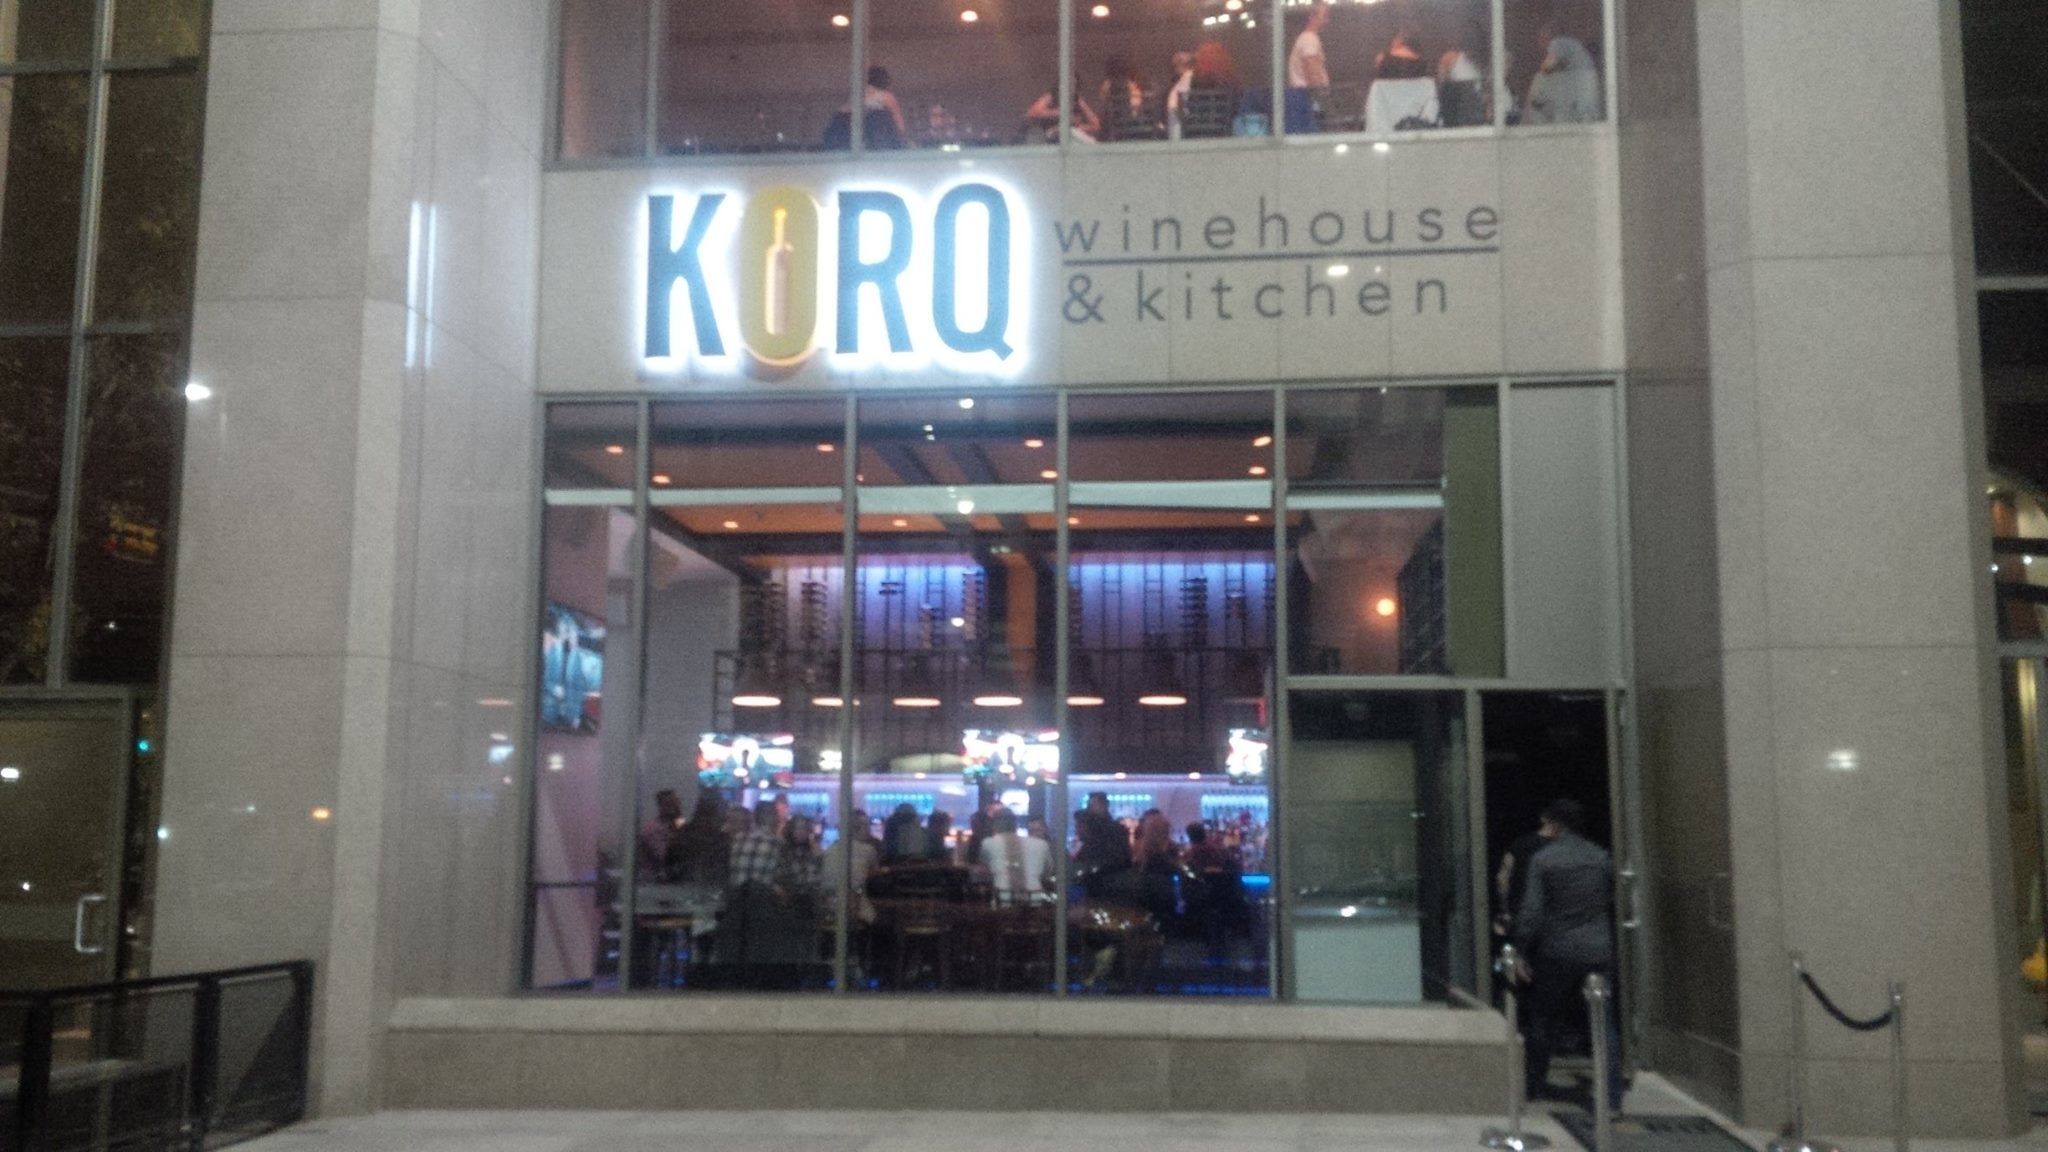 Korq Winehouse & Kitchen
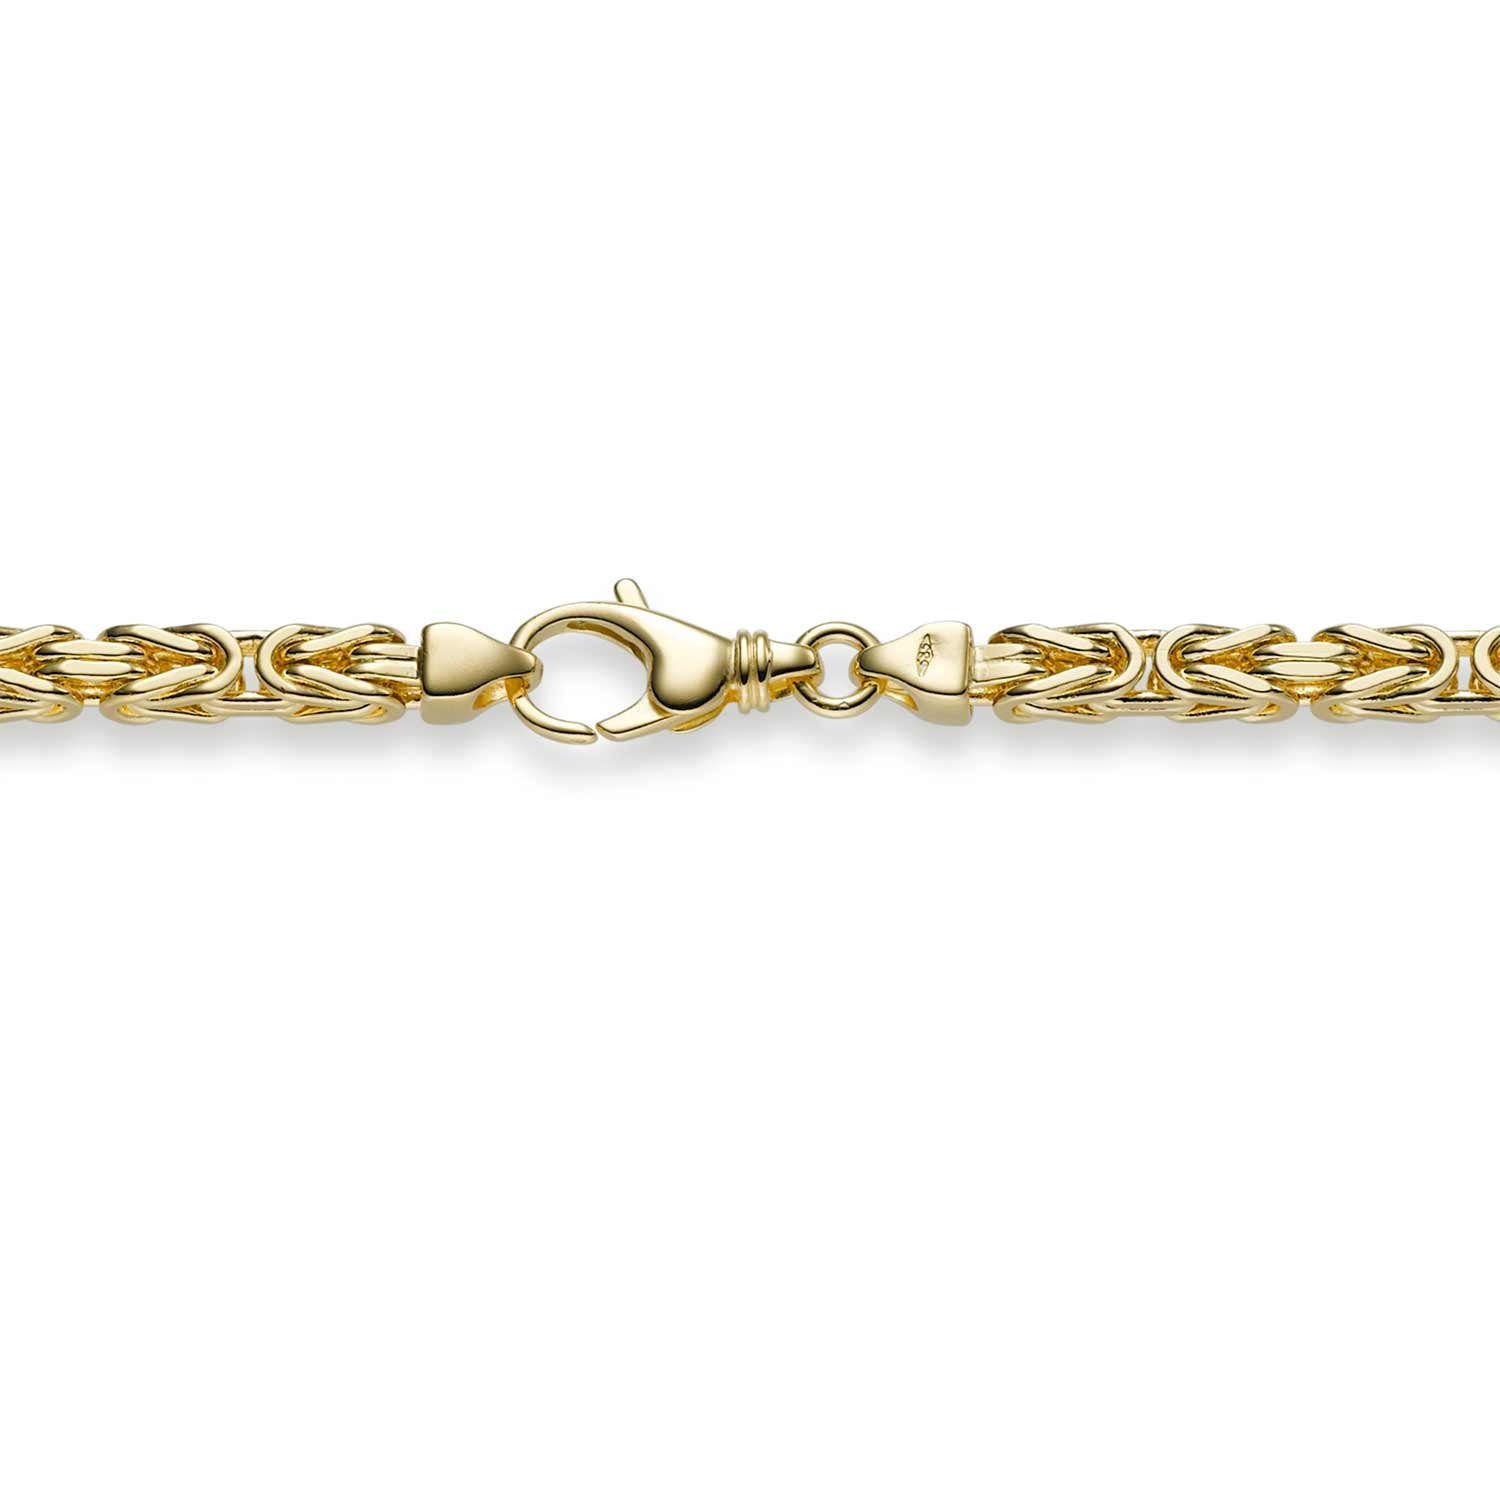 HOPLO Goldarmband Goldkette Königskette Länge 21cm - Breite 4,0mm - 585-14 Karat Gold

##########

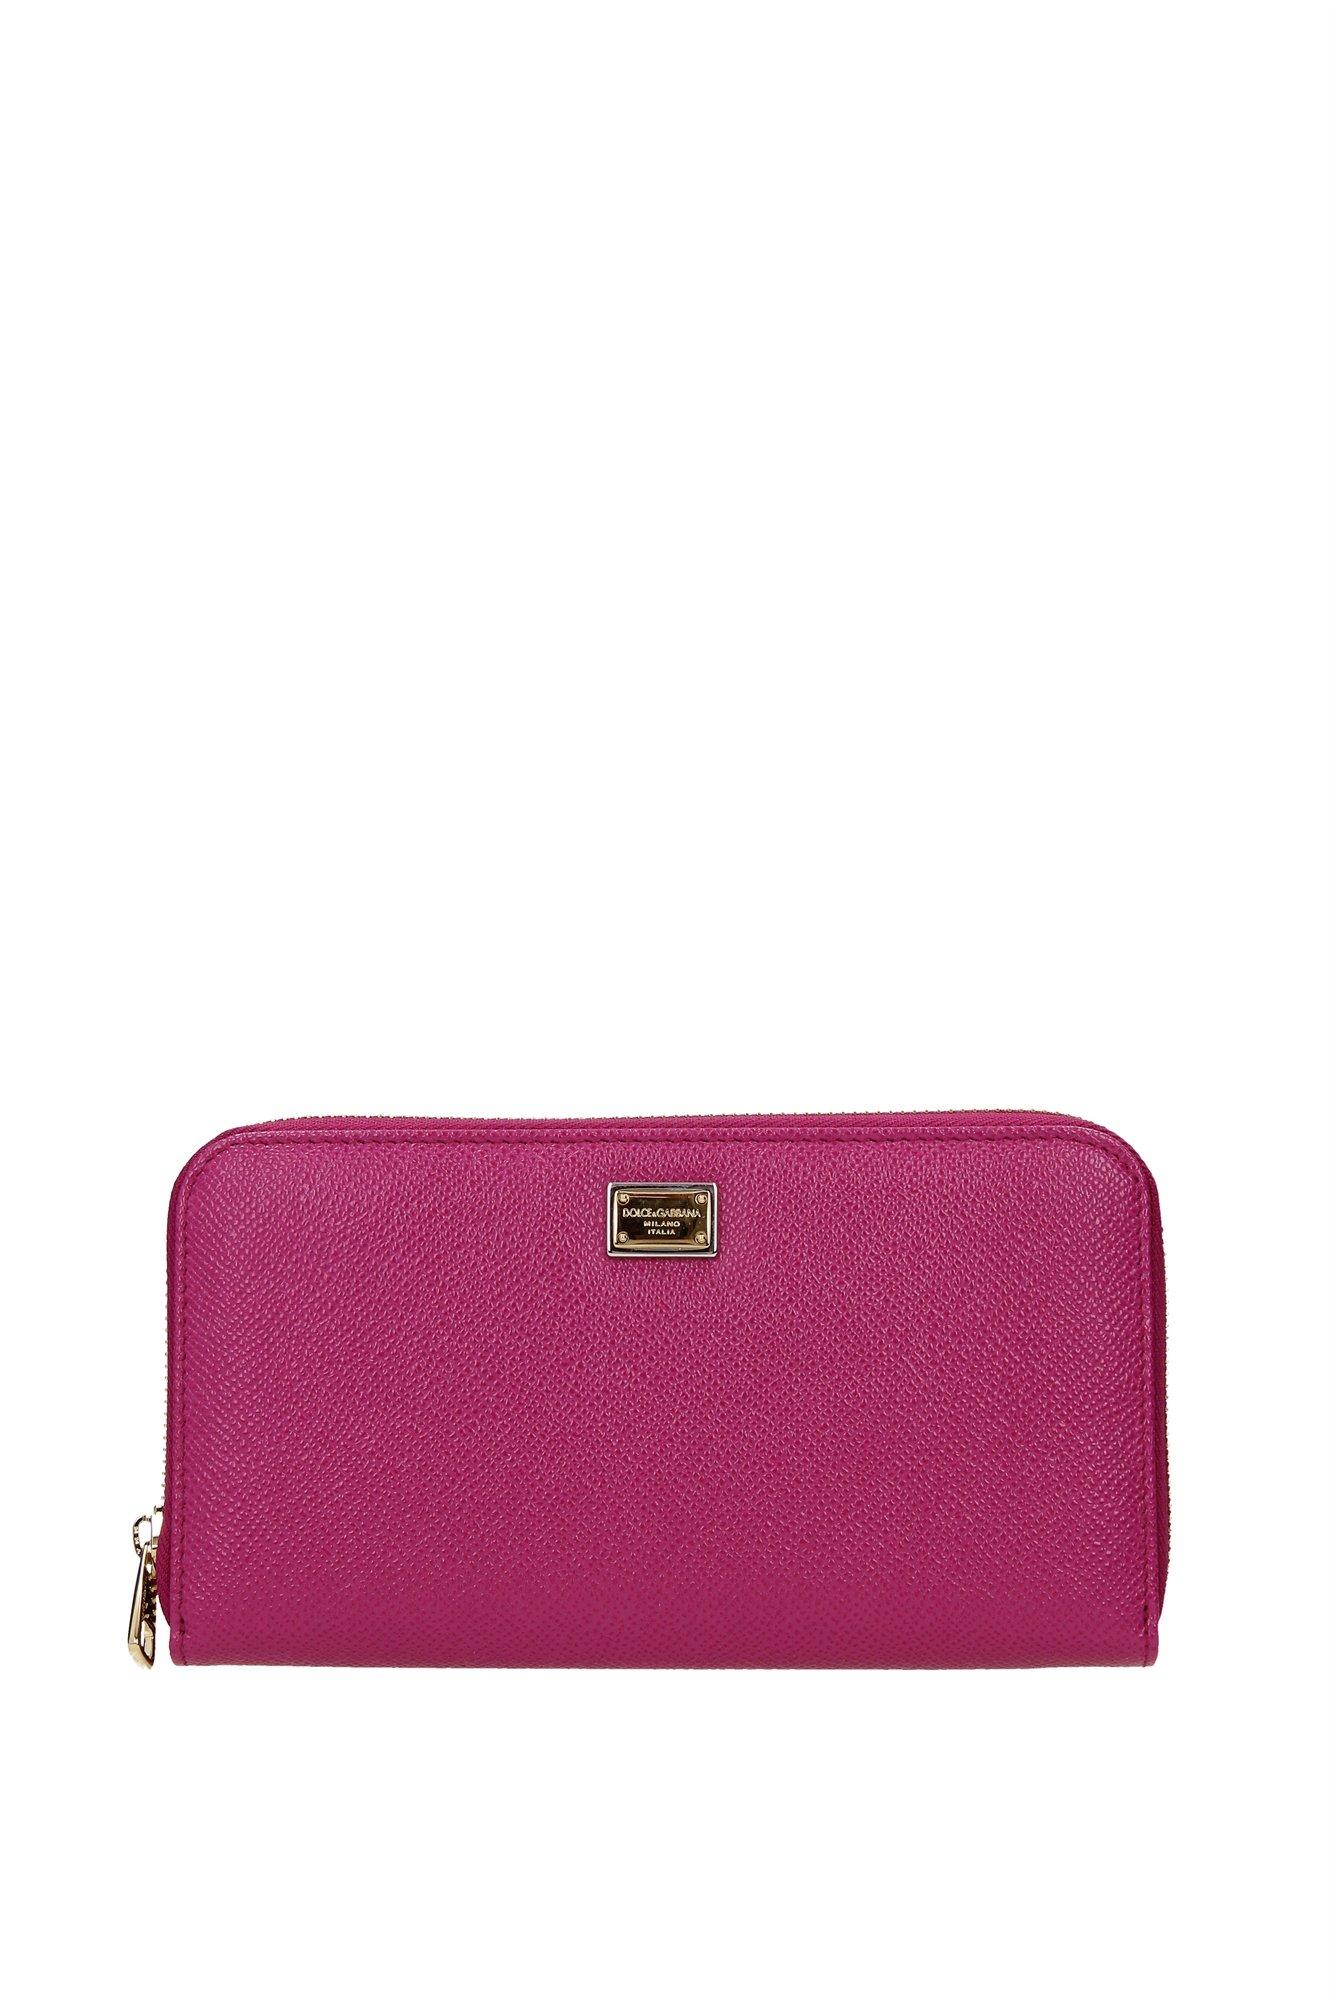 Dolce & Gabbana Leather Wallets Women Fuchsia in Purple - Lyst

##########

The expected output is the lines above from the one containing "Korq Winehouse & Kitchen" to the one containing "HOPLO Goldarmband Goldkette", both ends included, reproduced exactly with every picture left out.

• ANSWER:
 Korq Winehouse & Kitchen
 HOPLO Goldarmband Goldkette Königskette Länge 21cm - Breite 4,0mm - 585-14 Karat Gold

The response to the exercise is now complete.